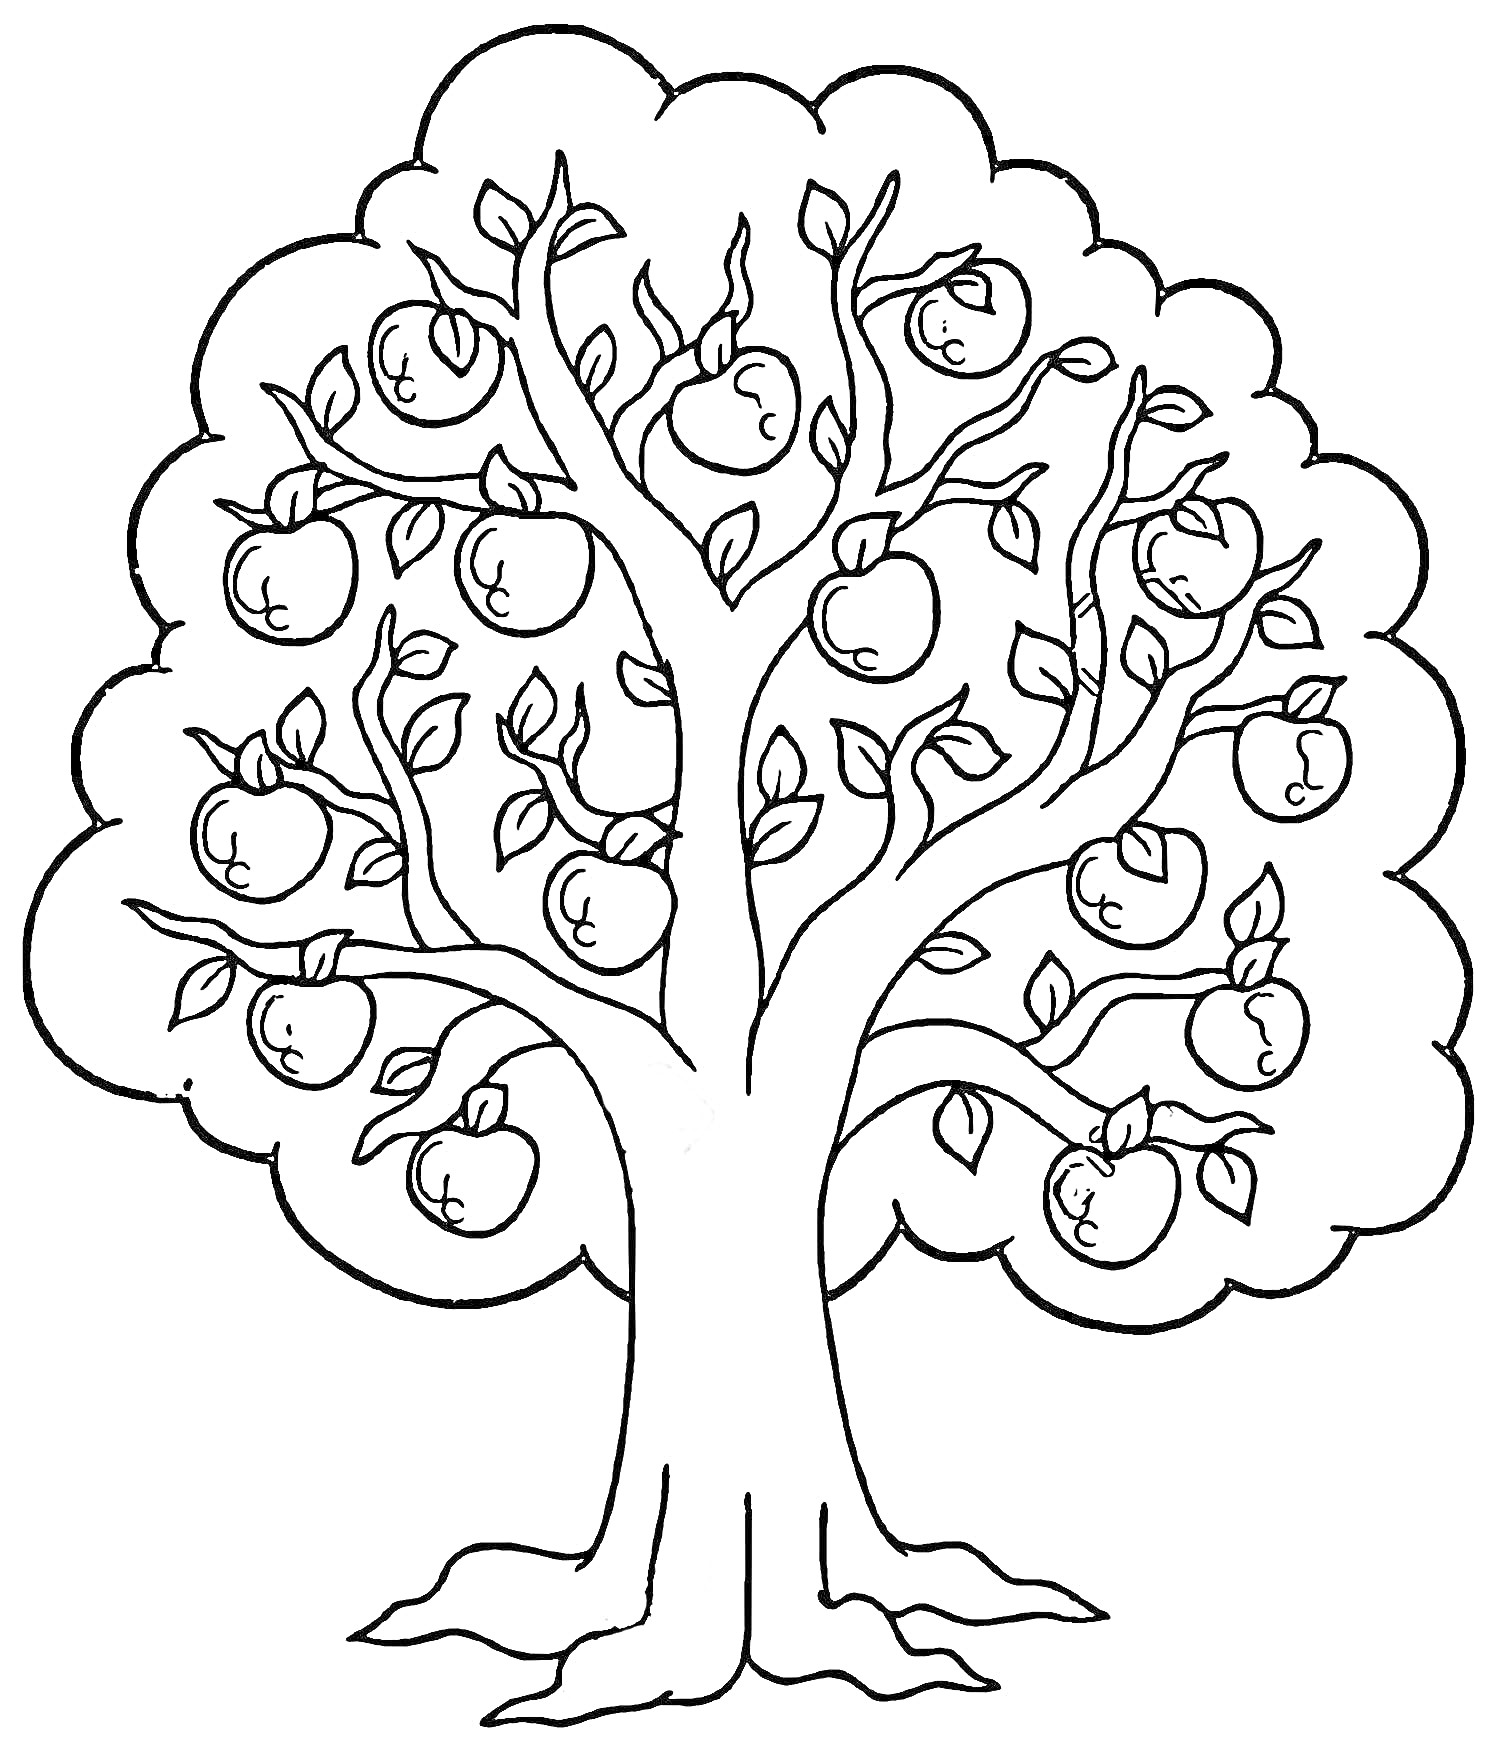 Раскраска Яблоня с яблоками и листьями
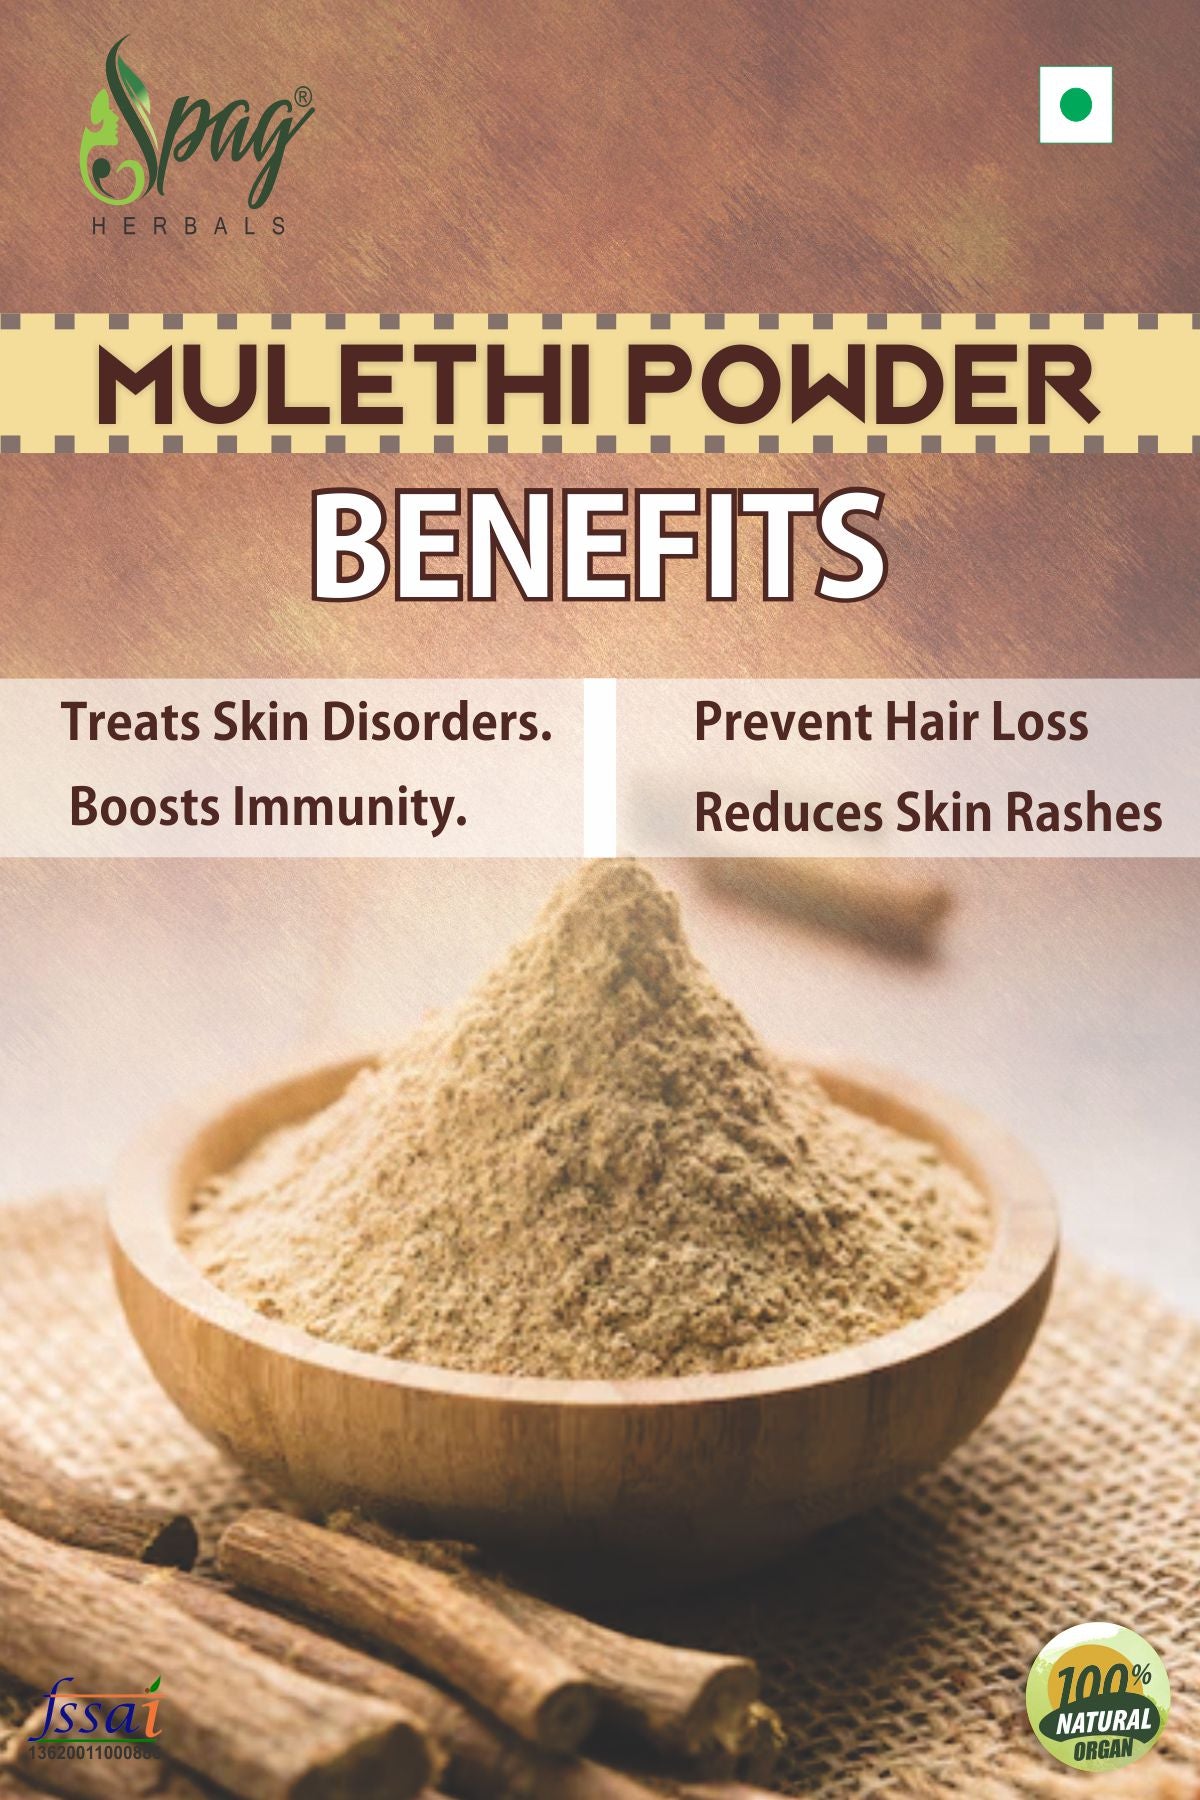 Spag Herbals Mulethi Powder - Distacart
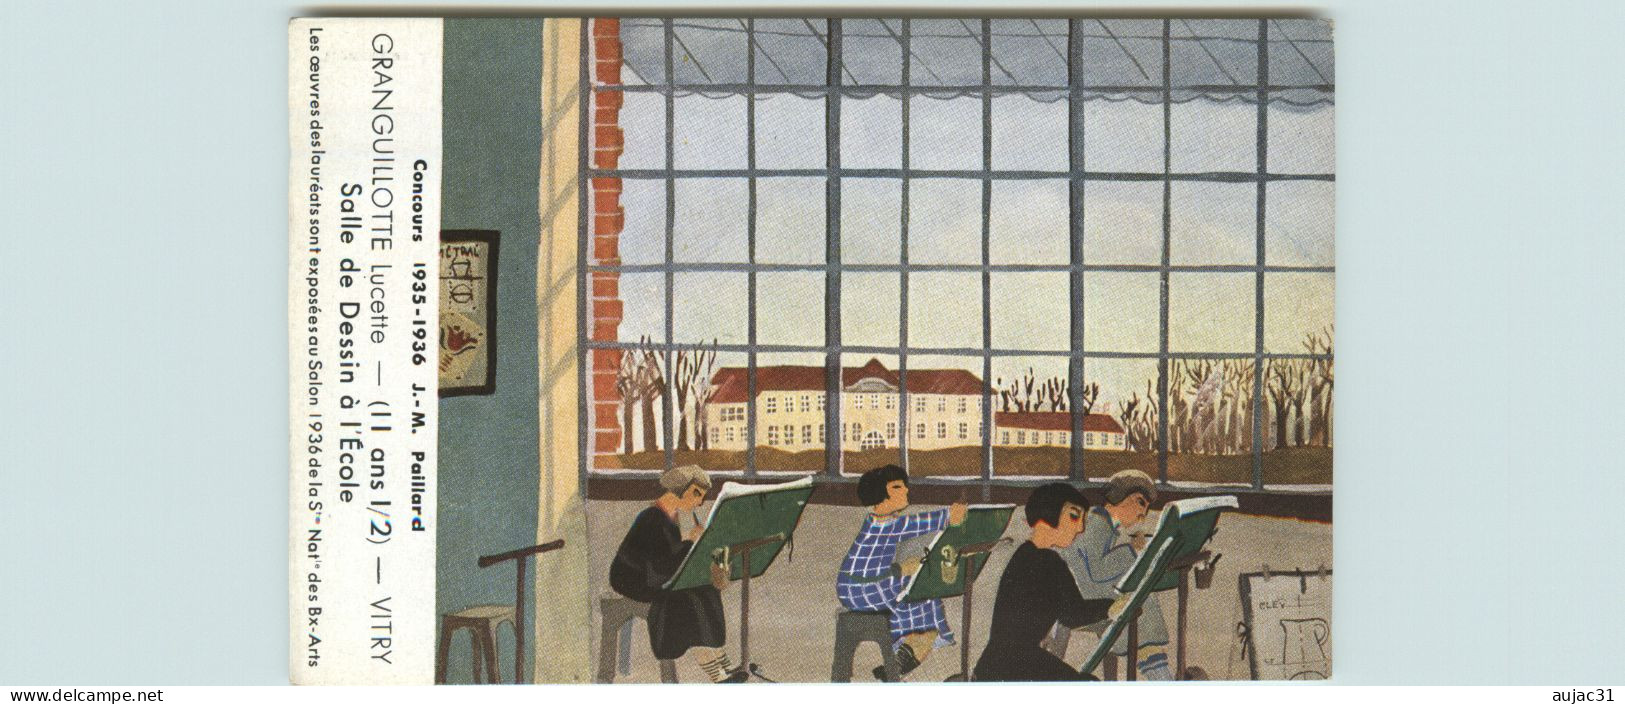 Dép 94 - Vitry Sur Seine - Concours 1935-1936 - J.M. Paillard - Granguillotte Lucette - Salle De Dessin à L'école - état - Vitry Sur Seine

INSTRUCTIONS TO FOLLOW ->
Starting with the line that contains "Spag Herbals Mulethi Powder - Distacart", print every line through the end of the data exactly as written; omit all pictures and add nothing else.

SOLUTION FOR THIS EXERCISE ->
 Spag Herbals Mulethi Powder - Distacart
 Dép 94 - Vitry Sur Seine - Concours 1935-1936 - J.M. Paillard - Granguillotte Lucette - Salle De Dessin à L'école - état - Vitry Sur Seine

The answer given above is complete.